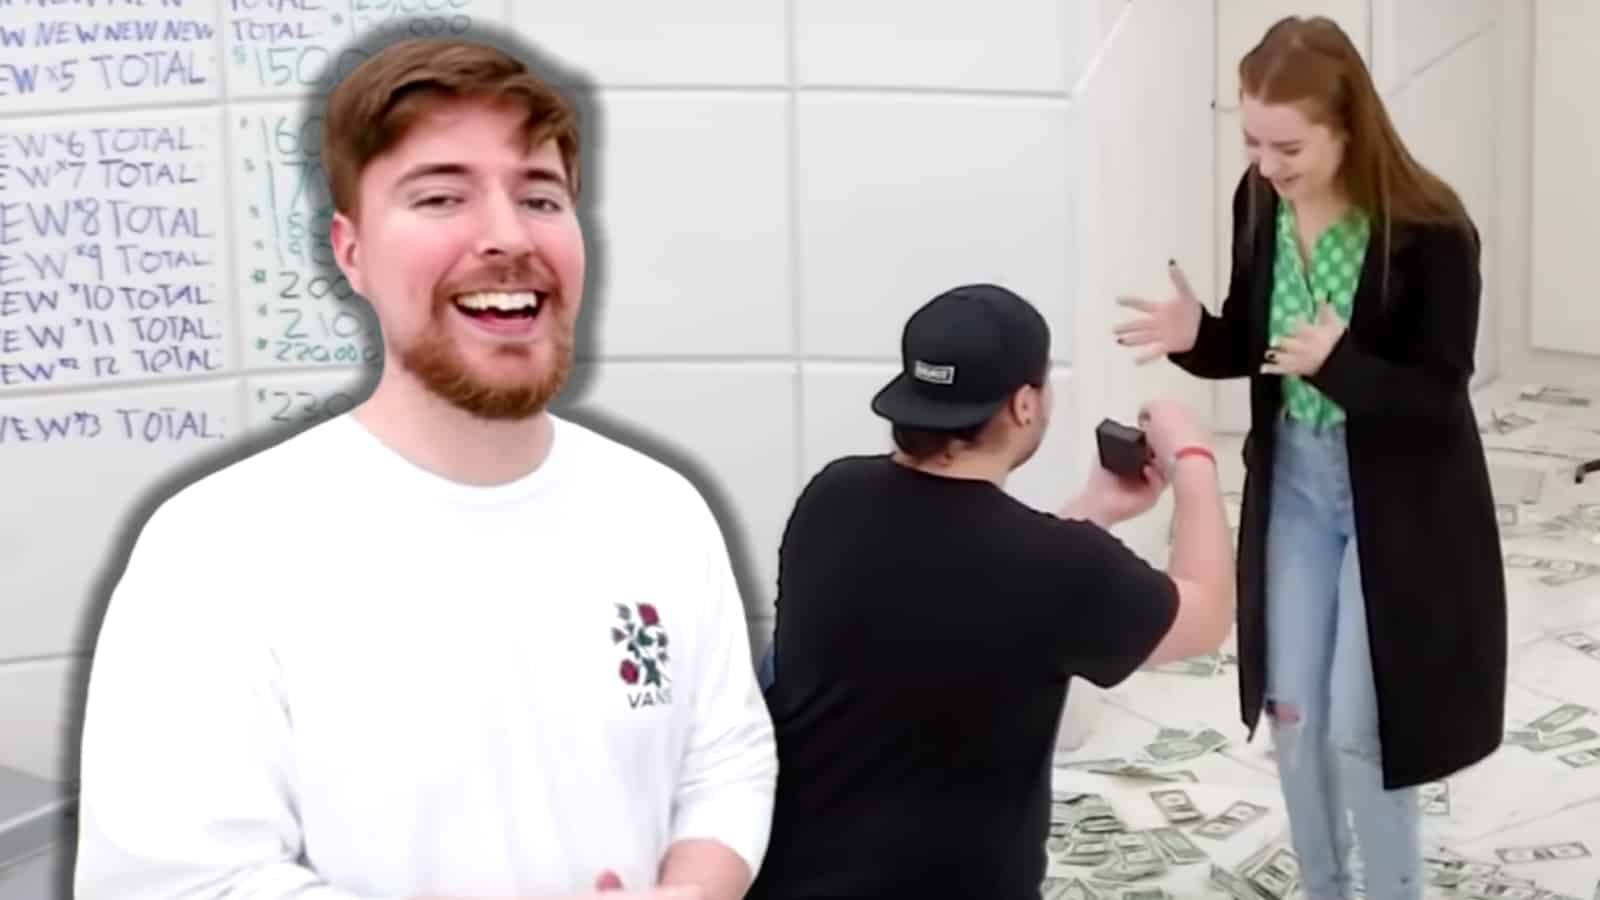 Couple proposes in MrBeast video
● ● ●
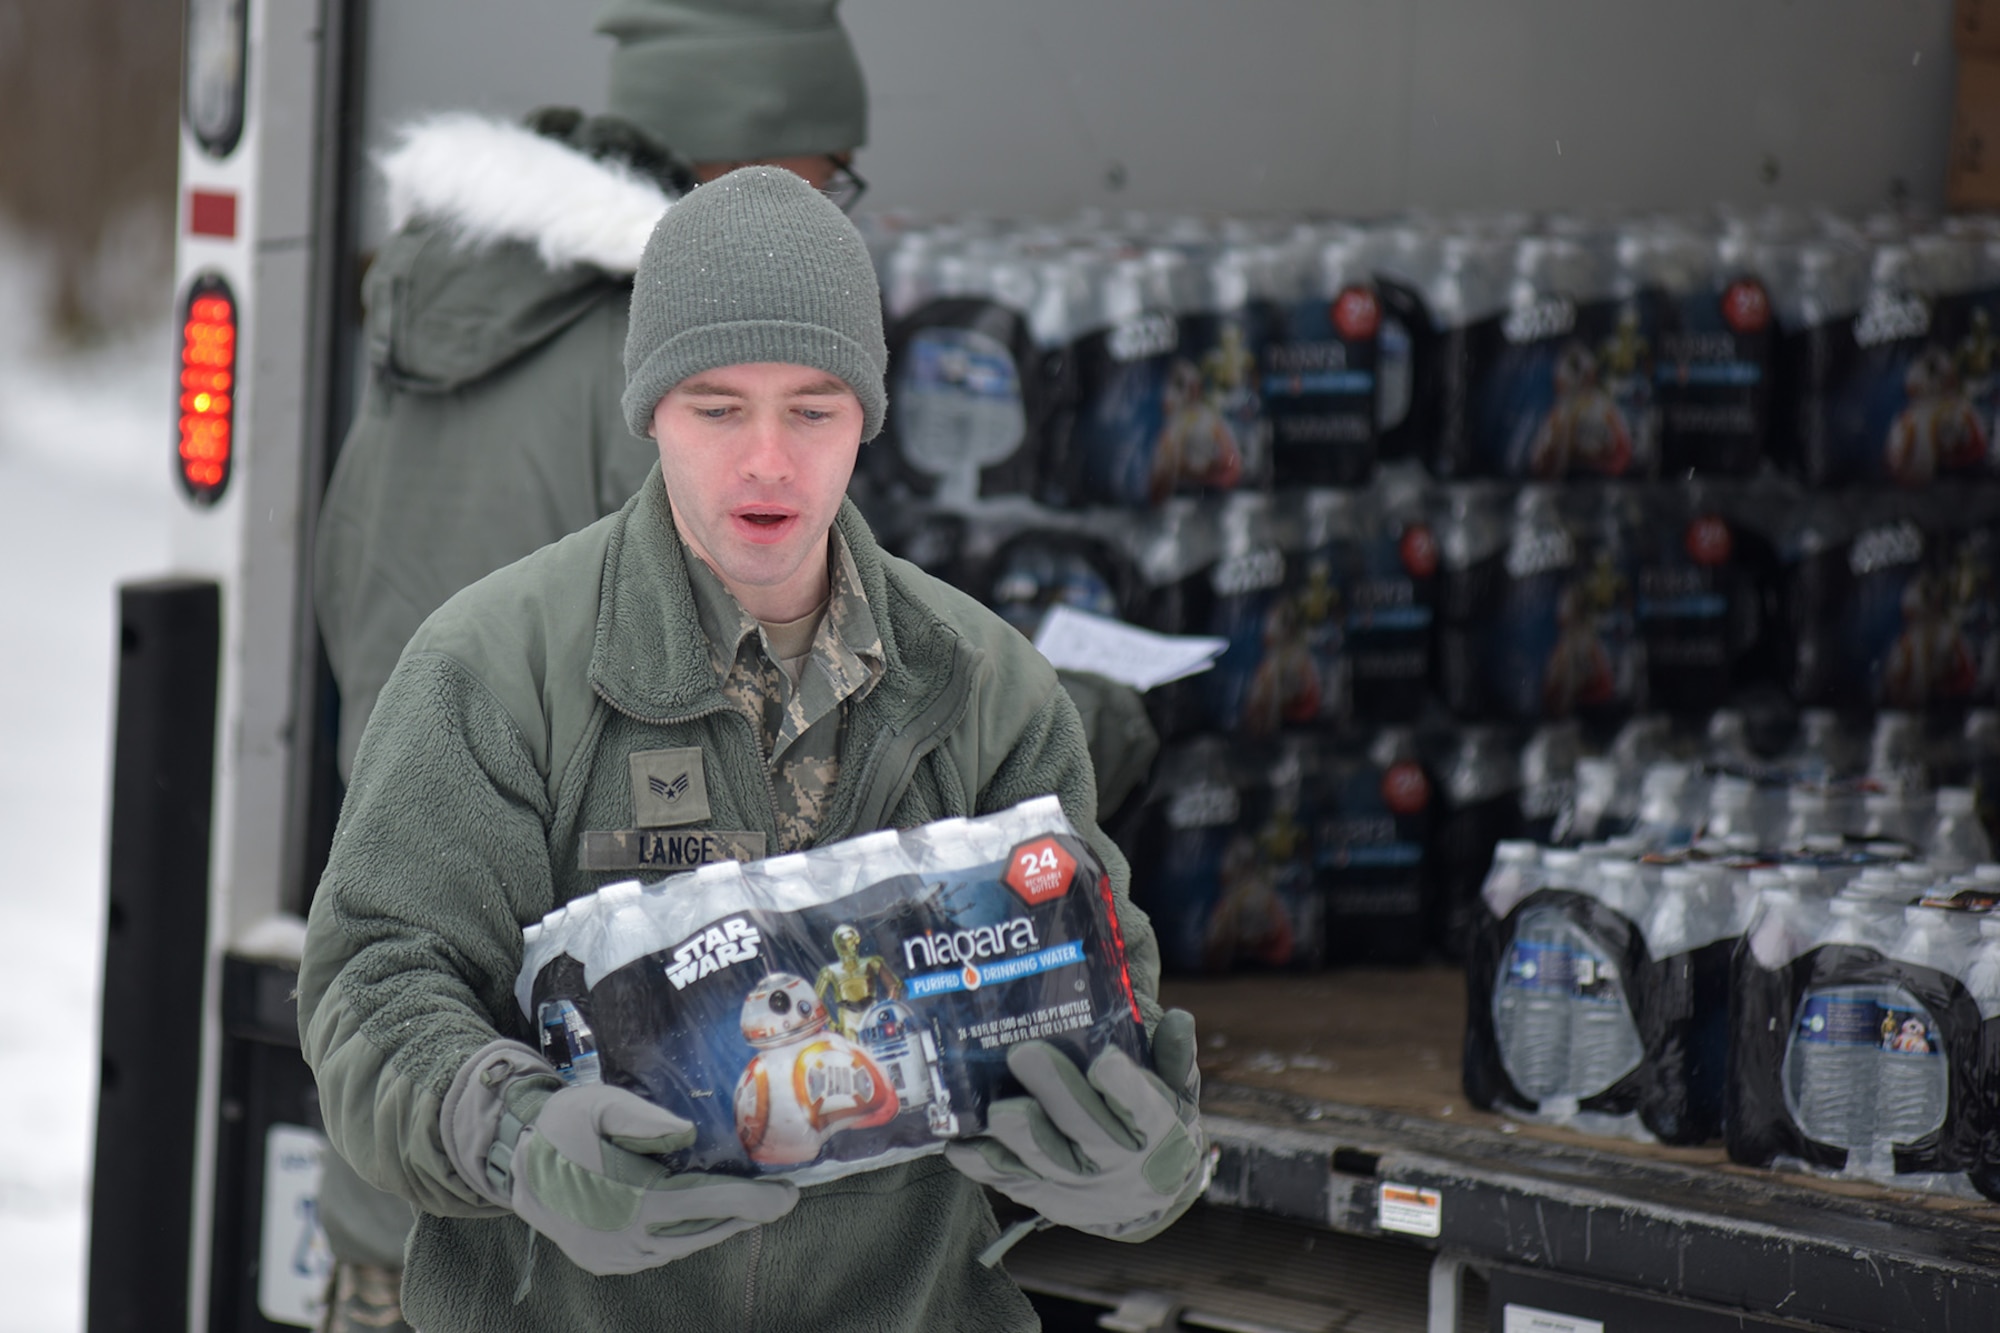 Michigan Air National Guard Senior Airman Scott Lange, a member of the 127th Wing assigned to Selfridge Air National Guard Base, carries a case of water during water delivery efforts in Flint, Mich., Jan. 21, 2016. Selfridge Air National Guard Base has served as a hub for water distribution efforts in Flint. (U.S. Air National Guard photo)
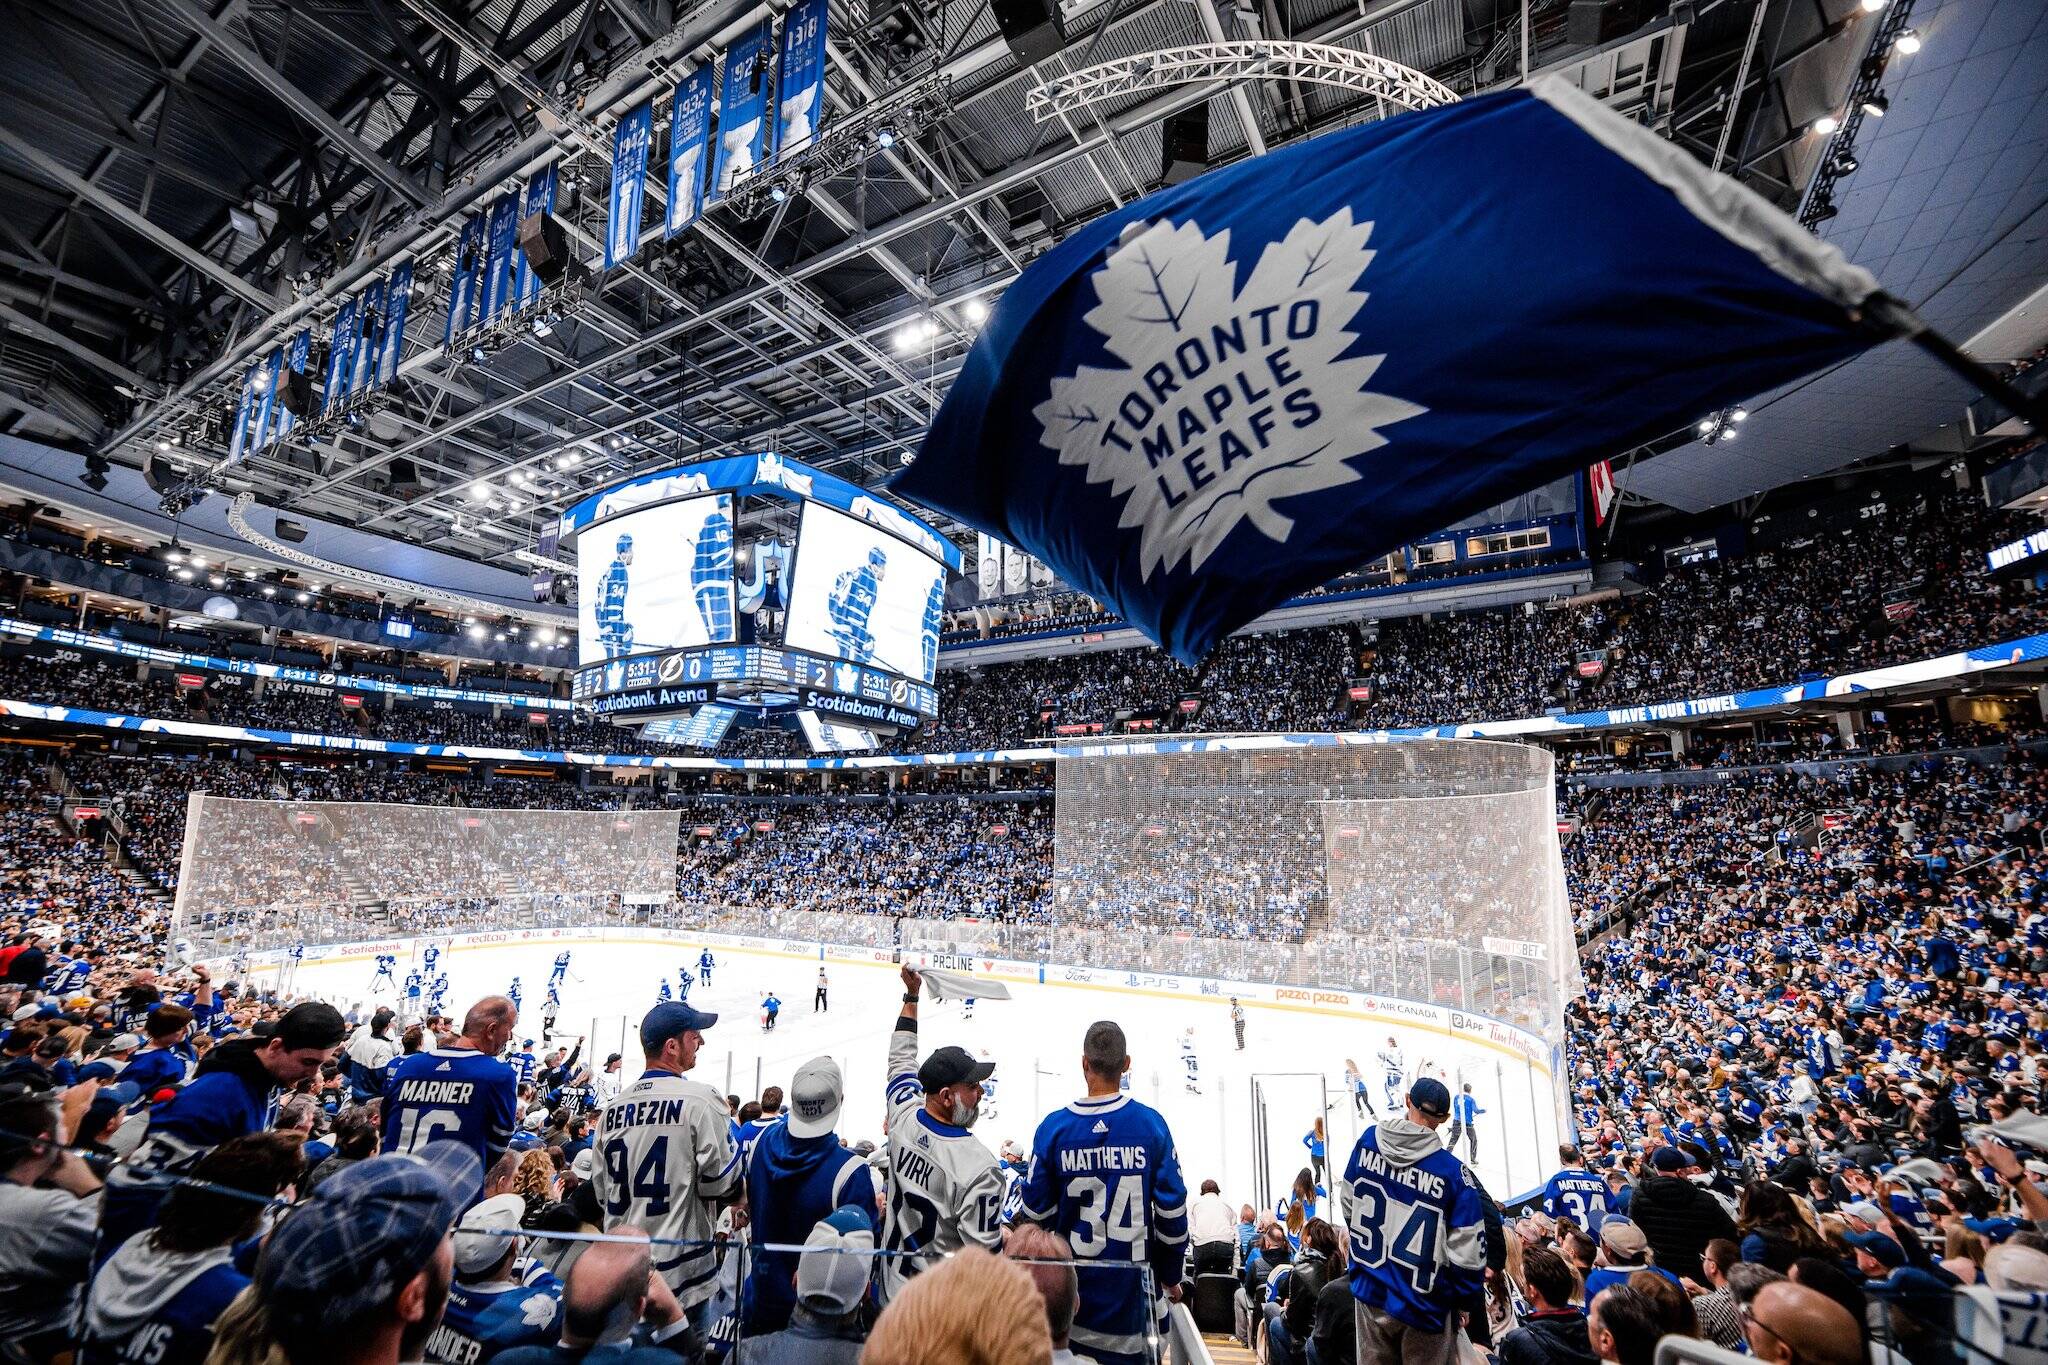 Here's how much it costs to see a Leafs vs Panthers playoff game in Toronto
● ● ●
*What you have to do*. Return only the stretch above from the line containing "Michigan Air National" through the line containing "Here's how much", word for word and without pictures.

*Task answer*.
 Michigan Air National Guard Senior Airman Scott Lange, a member of the 127th Wing assigned to Selfridge Air National Guard Base, carries a case of water during water delivery efforts in Flint, Mich., Jan. 21, 2016. Selfridge Air National Guard Base has served as a hub for water distribution efforts in Flint. (U.S. Air National Guard photo)
 Here's how much it costs to see a Leafs vs Panthers playoff game in Toronto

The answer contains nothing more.